Here are some significant developments:

  • The rate of new coronavirus cases continued to decline Monday and Tuesday, as the country’s rolling average of daily infections fell below 90,000 for the first time in more than 100 days. However, the milestone follows a holiday weekend, and holiday weekends have historically produced backlogs in virus case data.
  • The Transportation Security Administration reported back-to-back days of more than 1 million air travelers over Presidents’ Day weekend, rivaling New Year’s travel volume.
  • North Korea tried to hack into the servers of the U.S. drugmaker Pfizer to steal coronavirus vaccine technology, South Korean intelligence officials said.

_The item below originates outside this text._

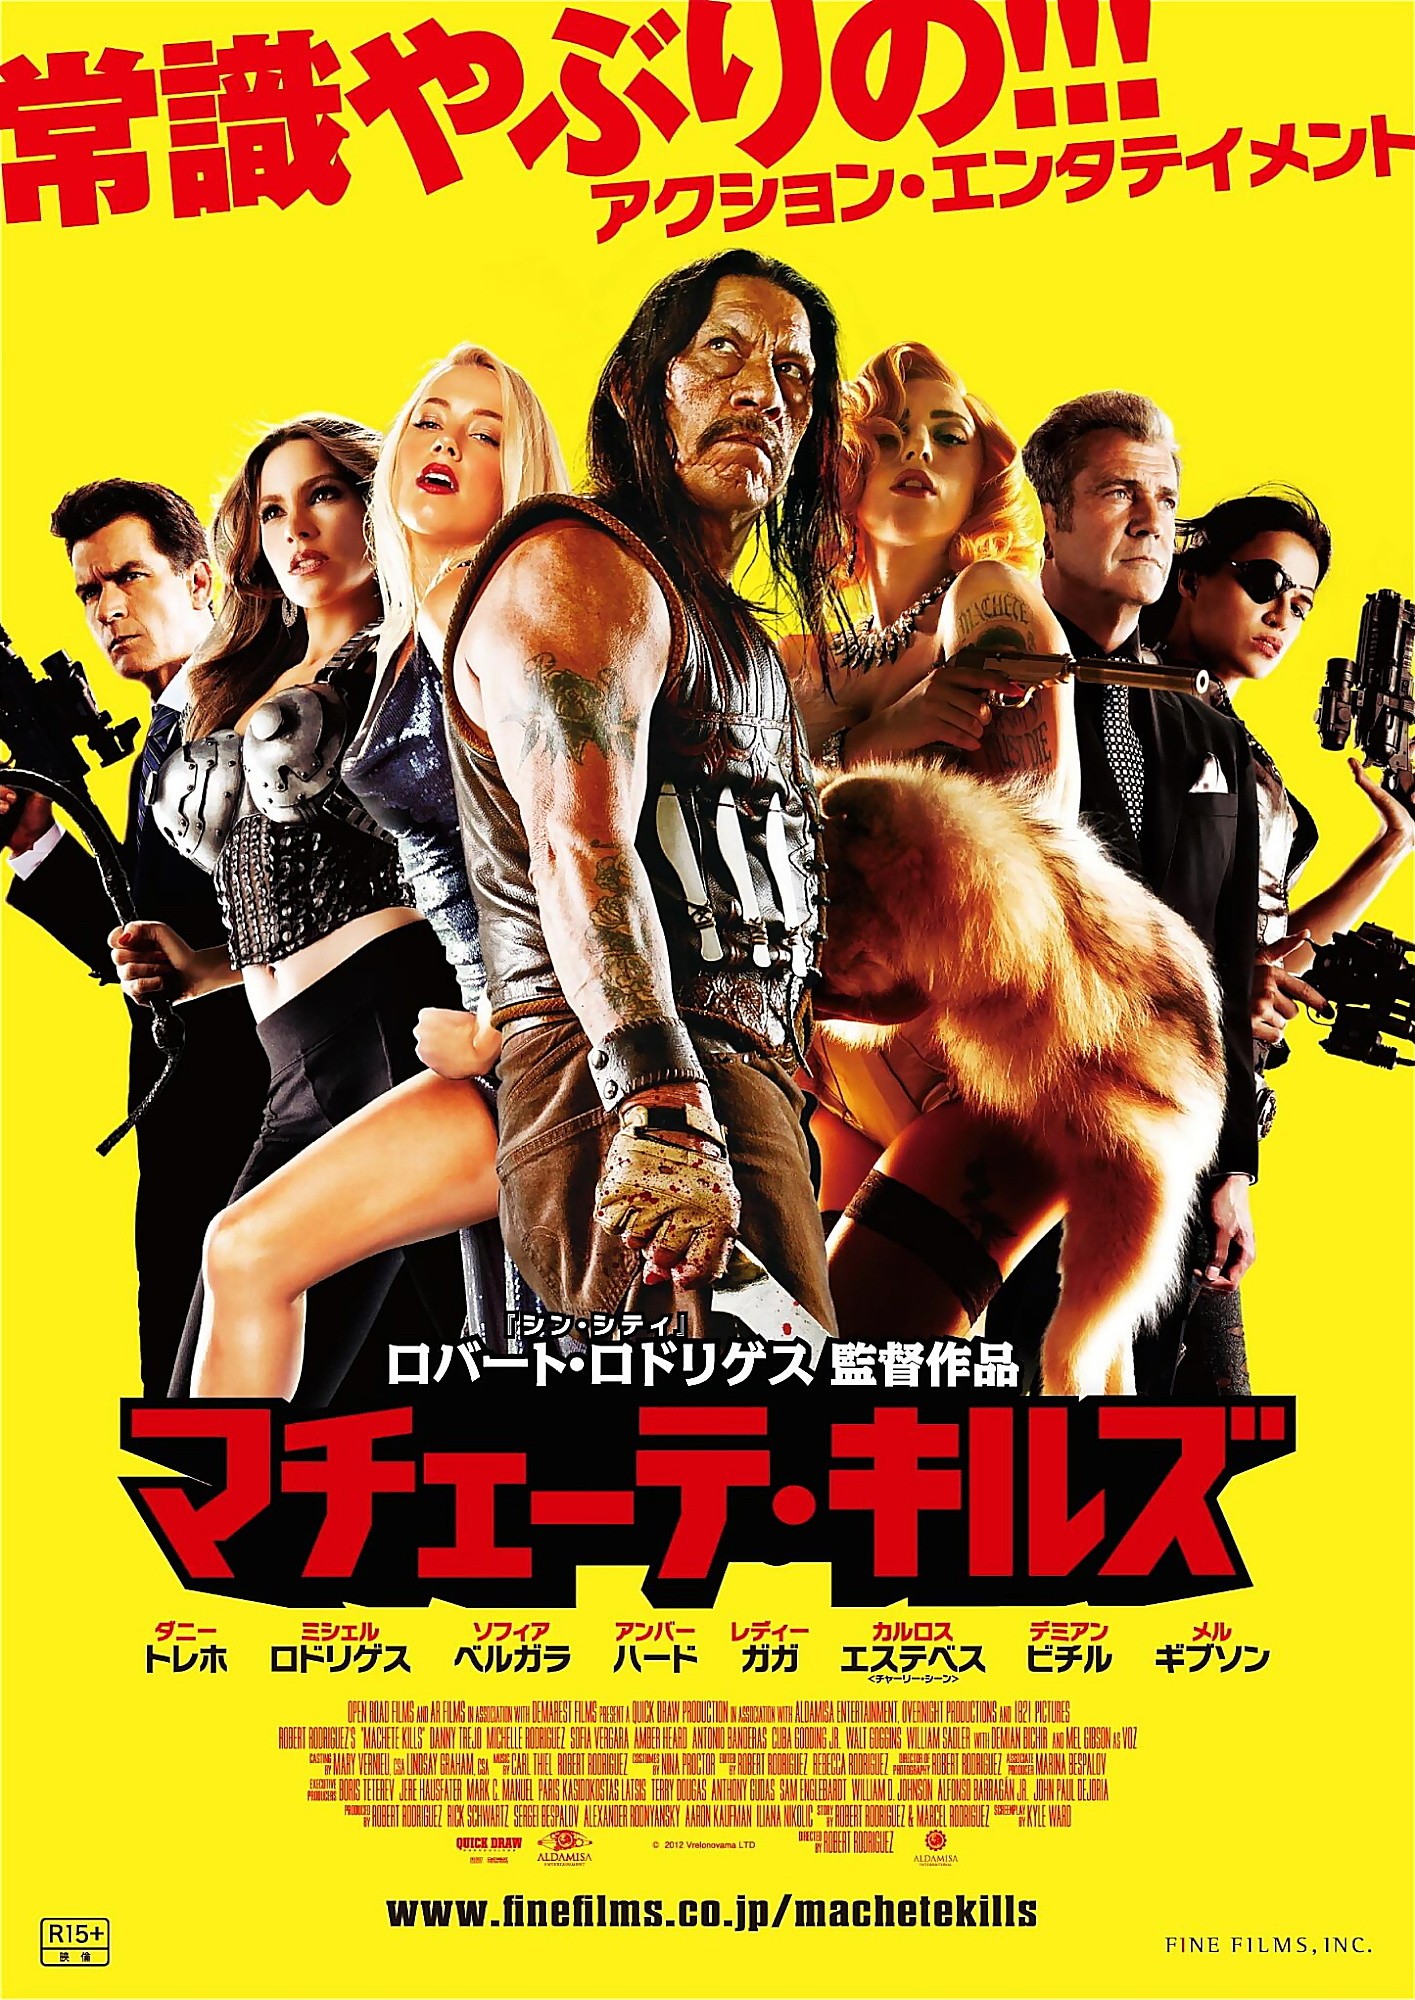 Mega Sized Movie Poster Image for Machete Kills (#27 of 27)

  • The World Health Organization has approved the AstraZeneca-Oxford University vaccine, opening the way for millions of doses of the inexpensive vaccine to be shipped to lower-income countries as part of an effort backed by the United Nations to stop the pandemic.
  • Nearly a year into the pandemic, Americans are increasingly turning to more extremist beliefs marked by a wholesale distrust in authorities — a historical pattern for pandemics since ancient times.